Khalid fought many battles than any other person in the Muslim army and worn them all although his adversaries were better equipped. He acquired more wealth especially from the Persian and Roman generals but he distributed it all in his generosity and it did not last long. He remained unconquered in more than a hundred battles.

He was congratulated by Bakr because of his success and was later allowed to Byzantine in Syria where he was supposed to instruct the Islamic armies in 634 A.D. Under his command, the Muslims were able to attack the army for the Romans. He had many wives and children and his house hold was full of slaves and servants who relied on him. He also gave gifts and tokens to his best soldiers and so his wealth never stayed for long (Akram 69).

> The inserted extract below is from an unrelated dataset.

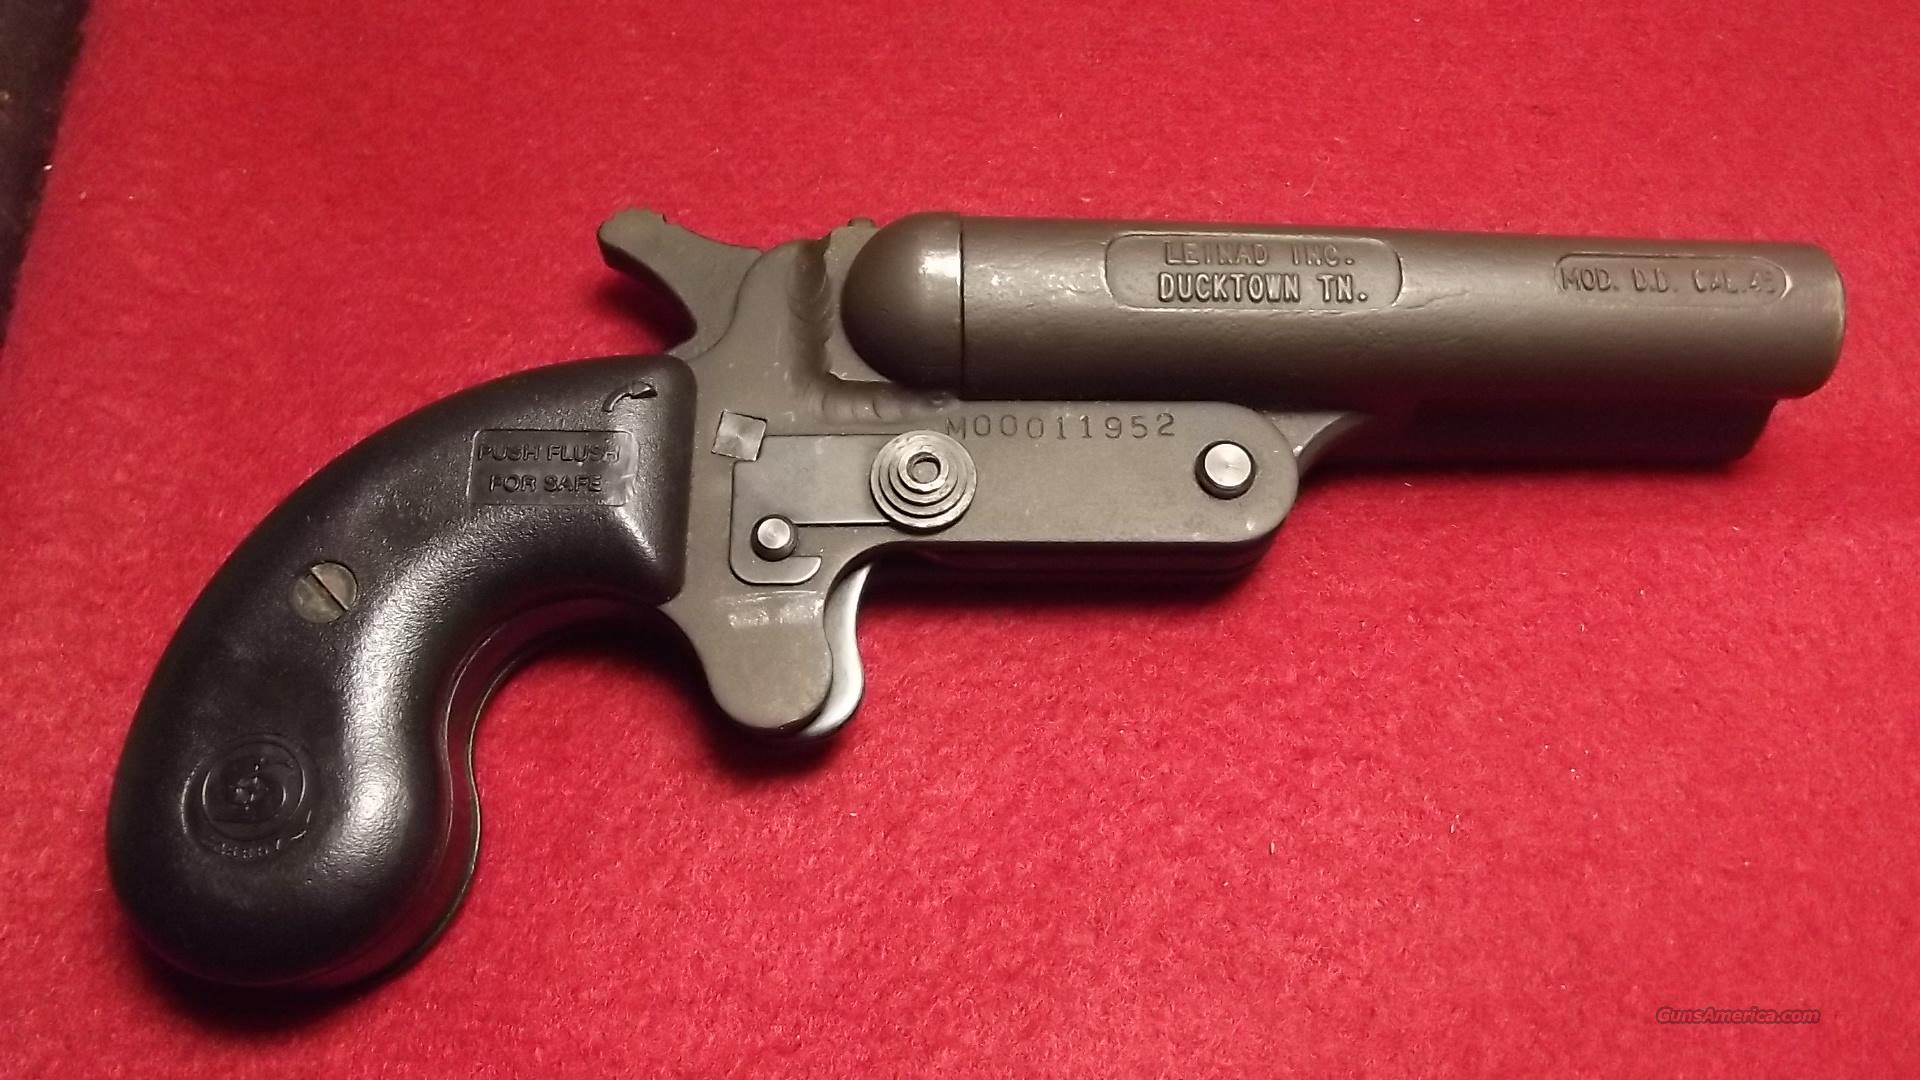 Cobray / Leinad DD Double Barrel Derringer 45/410

Khalid ibn al-Walid is perhaps one of the most respected, honored and recognized military leaders of the early years during the Islamic expansion. His burial tomb in the city of Hims in Syria was rebuilt in the 19th century and a huge mosque and a learning centre were built there in his memory. He is believed to be one of the most important assistants and commanders of the prophet (Mehar 90).

Works Cited

Mehar, Ahmed. Al-Islam: Inception to Conclusion. Bloomington, IN: 1stBooks, 2003. Print.

Akram, Ahmed. The sword of Allah, Khalid Bin Waleed. GrandeStrategy.com . Aug. 1969. Web.

Miller, Frederic, Vendome, Agnes, and Mcbrewster, John. Khalid Ibn Al-Walid . New York: VDM Publishing House, 2009. Print.

Nicolle David. The Great Islamic Conquests AD 632-750. Oxford: Osprey Publishing, 2009. Print.